Earlier this year, I saw some screenshots of the Zunker bot and its controlling interface. I became curious about the existence of other similar interfaces and began paying a bit more attention to the spam coming into my inbox on a personal account. After a few weeks of wandering through IP blocks referenced by the spam, I ran across an open directory containing a few screen shots of what looked like another interface actively spamming multiple products.The following screen shot shows a statistics screen for a botnet they are currently using. Similar to the Zunker interface, this interface also has the ability to group by country. It looks like the feature is broken though, as you can only see one bot, which is originating from Poland. Given that, it is tempting to presume the owner is Polish; however, the interface’s text is entirely in English and the screen shot was found on a Russian server.

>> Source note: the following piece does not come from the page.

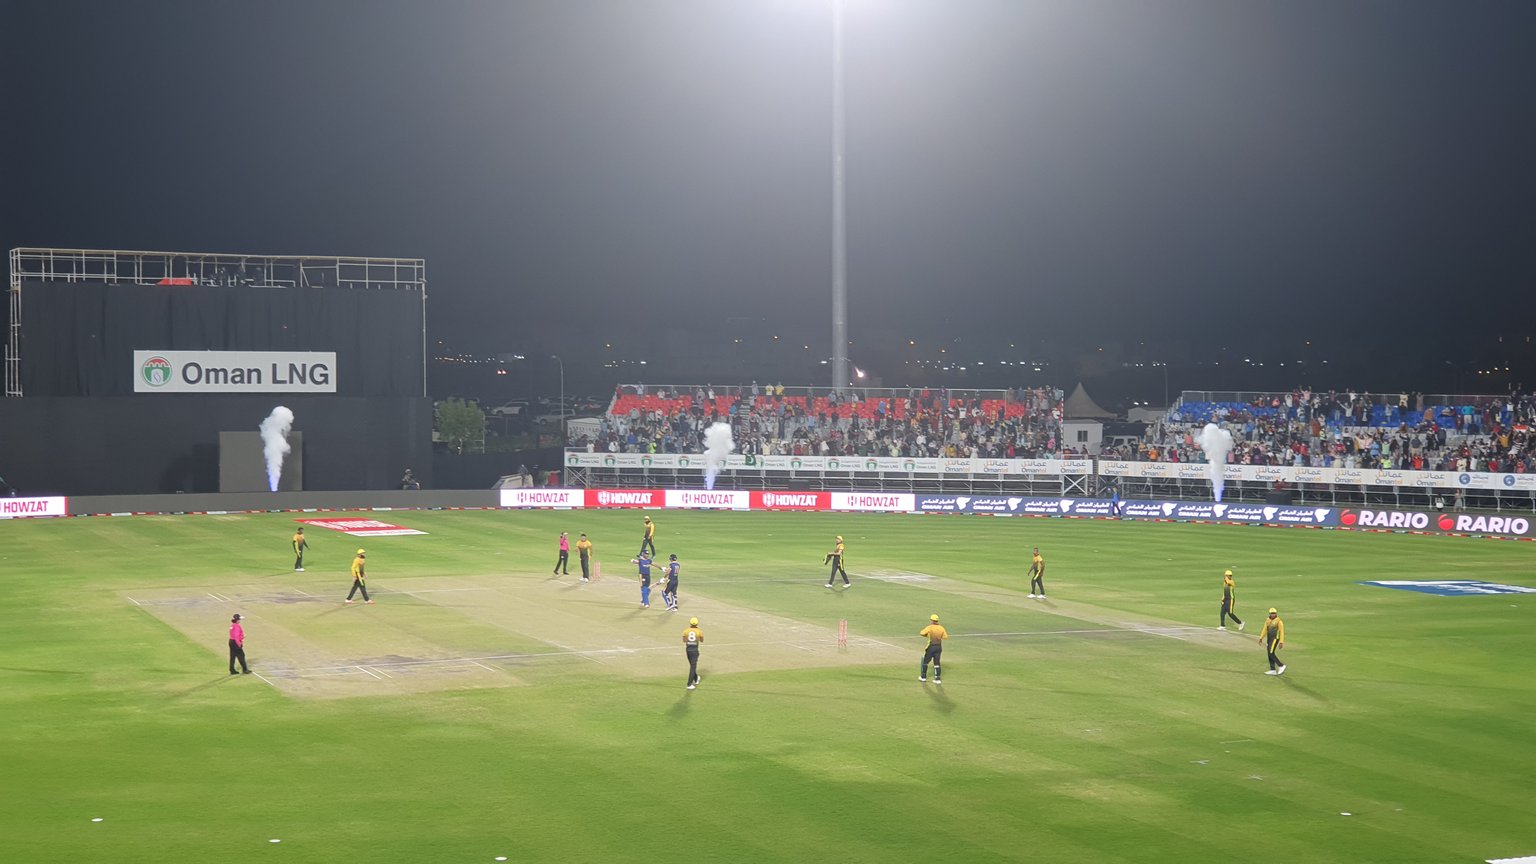 My first time experience of watching a live Cricket match — Hive

It could, however, mean that the person leasing this interface is controlling it from a machine in Poland, but this is just an assumption.
Efficient Spamming?
The following screen shot displays the different types of configurations currently active on this interface. It clearly shows how the spam Sinstances are managed. As the picture indicates, they are actively spamming pharmaceuticals, watches, and OEM in parallel. It’s amusing how they try to capitalize on their investment.
Creating a spam instance
The following screenshot indicates how they configure their spam instances. (If only they had a larger resolution!) In short, the options found on the picture indicate the following:license.server, port and key are issued to the person leasing the framework;
log_file and the subsequent five lines are debugging options;
mysql.* is obviously the sql server they use;
listen.ip and port is where data gets pushed from the license server regarding their statistics; and,
access.list is presumably a list of IP addresses that are allowed to connect to the Web interface.Options found in File 2 look incomplete, but presumably feed options to the utility used to create the email they will ultimately spam. There is not enough information on the other two boxes to deduce any meaningful information.
So, do we currently underestimate the development efforts put forth by malware authors? I’d say so, it takes quite a bit of time to develop a framework from scratch for this specific purpose and the funding has to be coming from somewhere. The number of active bots is relatively low, but a total of a quarter million inactive bots is still a worrisome number of compromised machines. I find this type of information fascinating and hope to find more to keep posting cool images of the control interfaces malware authors use for their large-scale networks.